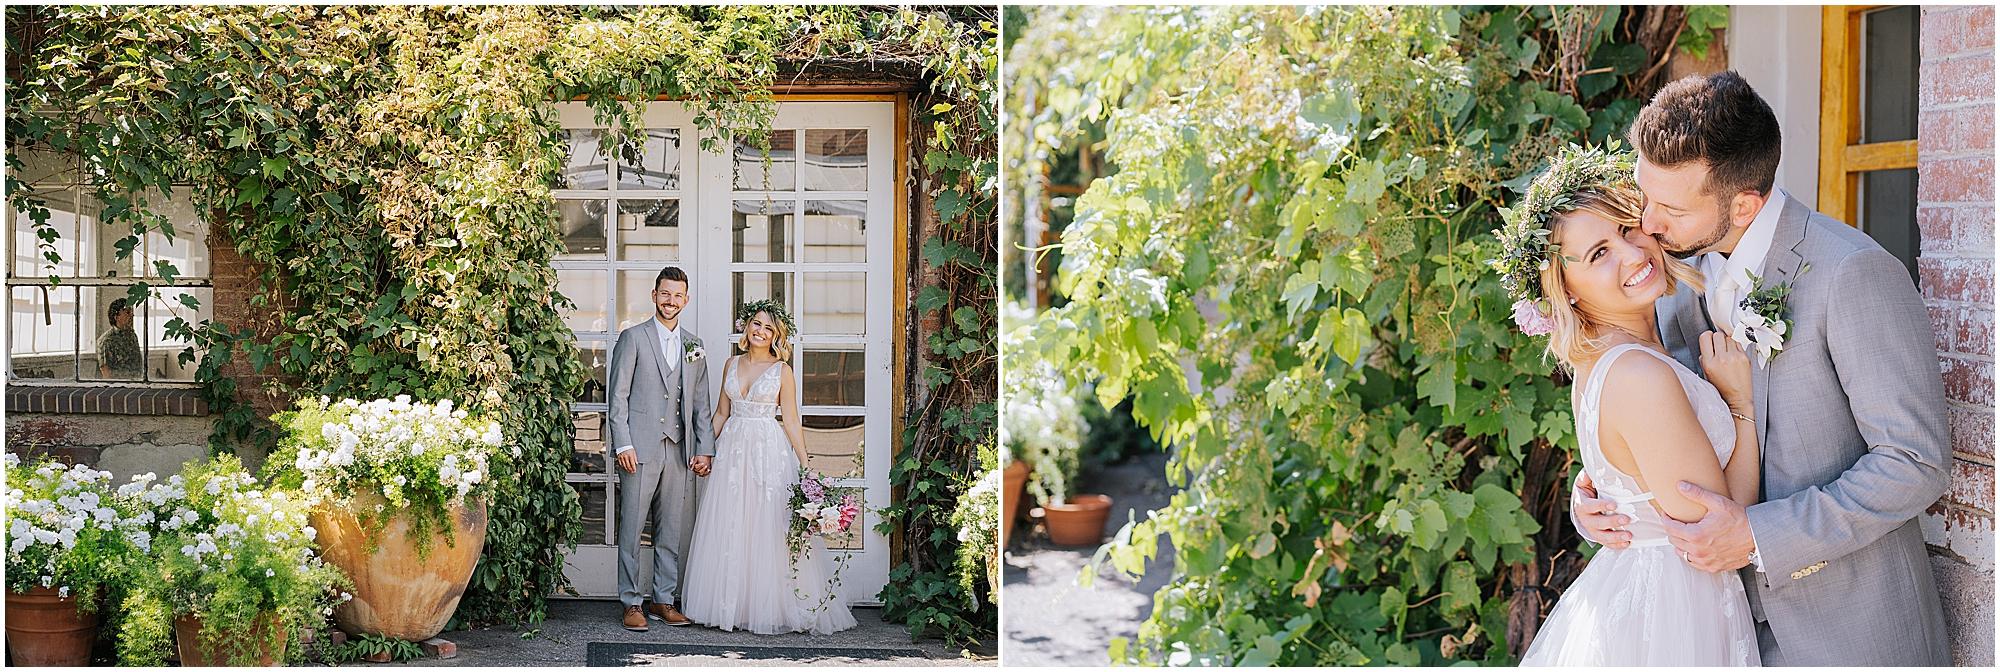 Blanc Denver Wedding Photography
◆ ◆ ◆ ◆ ◆
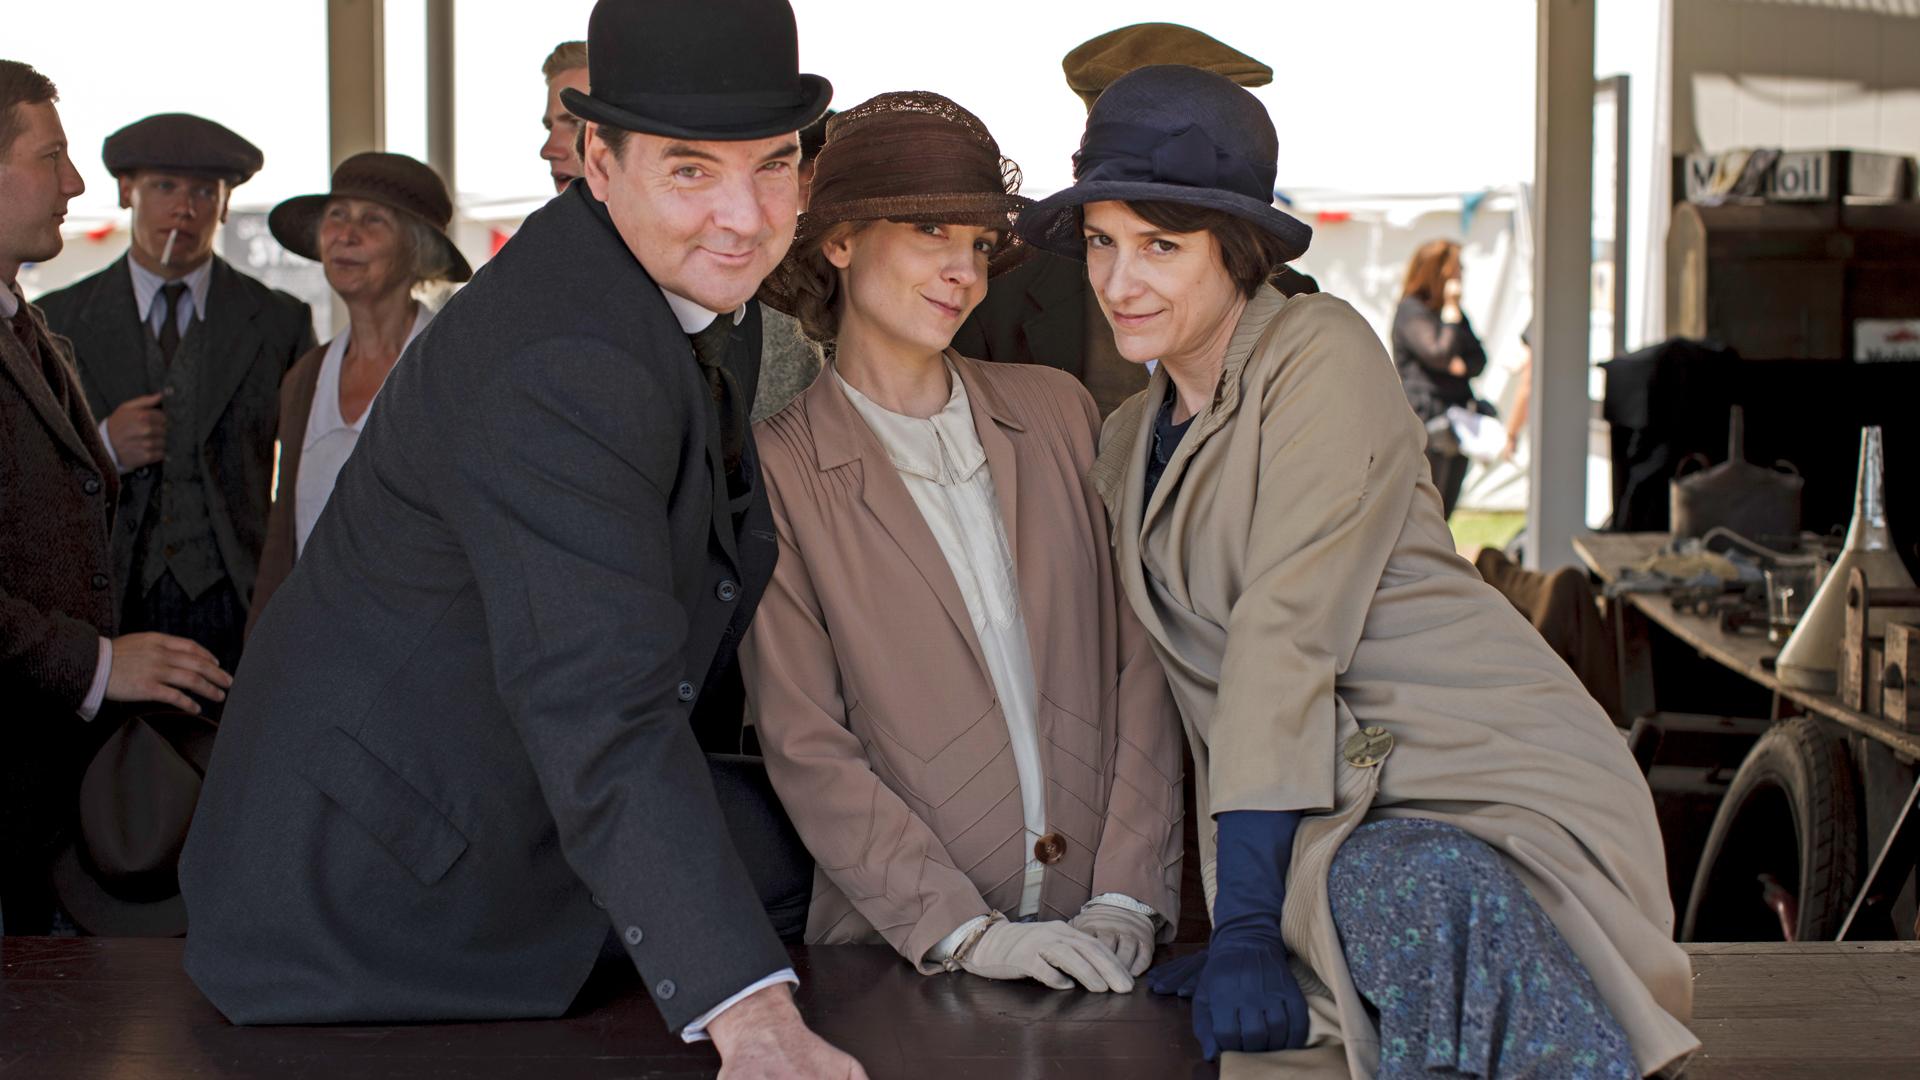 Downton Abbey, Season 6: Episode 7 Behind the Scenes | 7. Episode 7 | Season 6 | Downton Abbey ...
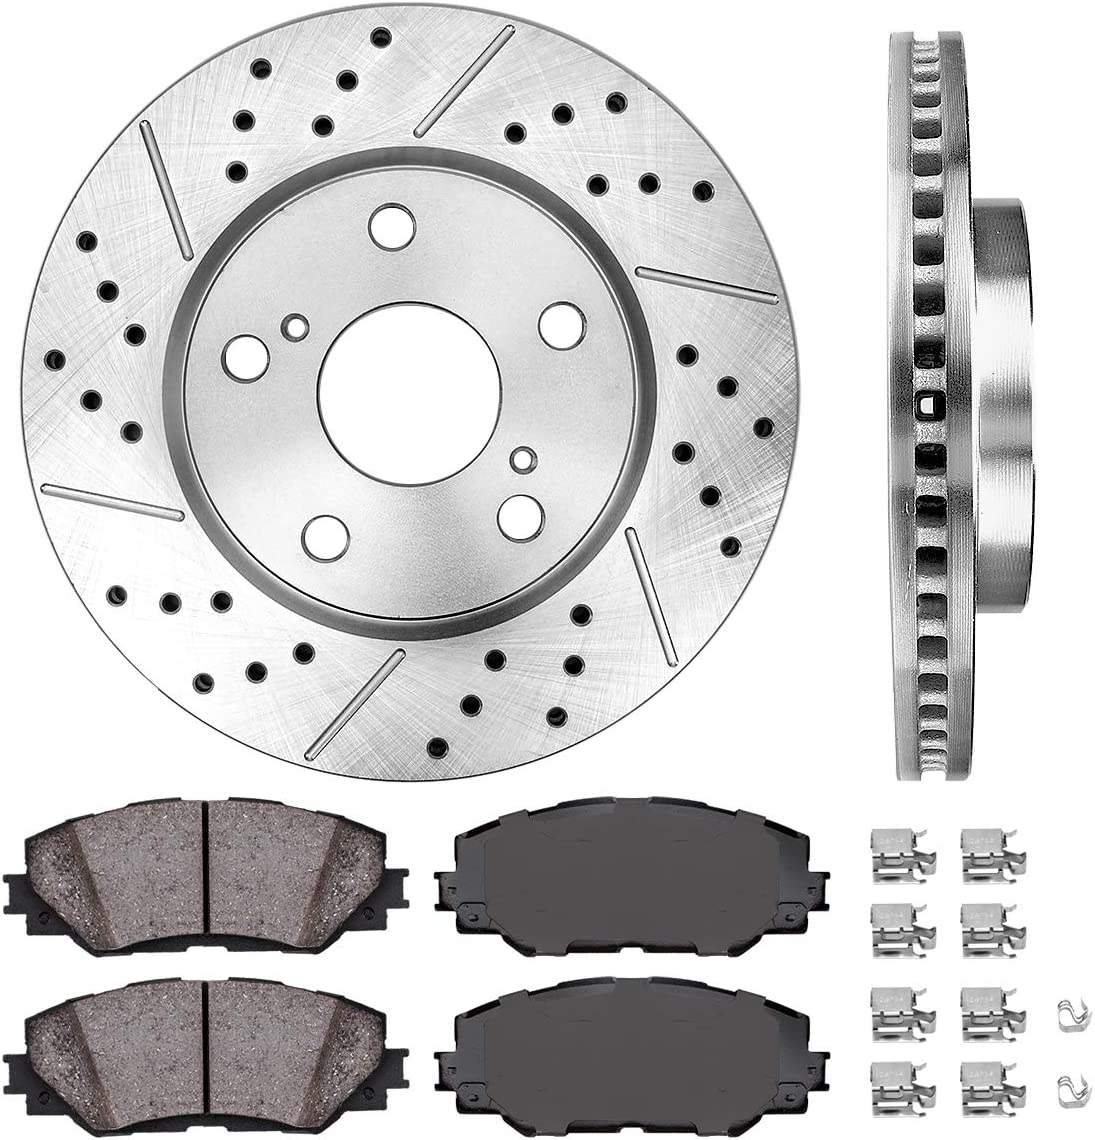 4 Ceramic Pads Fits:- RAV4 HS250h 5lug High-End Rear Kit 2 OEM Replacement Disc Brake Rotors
◆ ◆ ◆ ◆ ◆
- _Exercise goal_: Above are the records; return the lines in them from the one with "Downton Abbey, Season" to the one with "4 Ceramic Pads", inclusive, exactly and without images.

- _Reply_:
 Downton Abbey, Season 6: Episode 7 Behind the Scenes | 7. Episode 7 | Season 6 | Downton Abbey ...
 4 Ceramic Pads Fits:- RAV4 HS250h 5lug High-End Rear Kit 2 OEM Replacement Disc Brake Rotors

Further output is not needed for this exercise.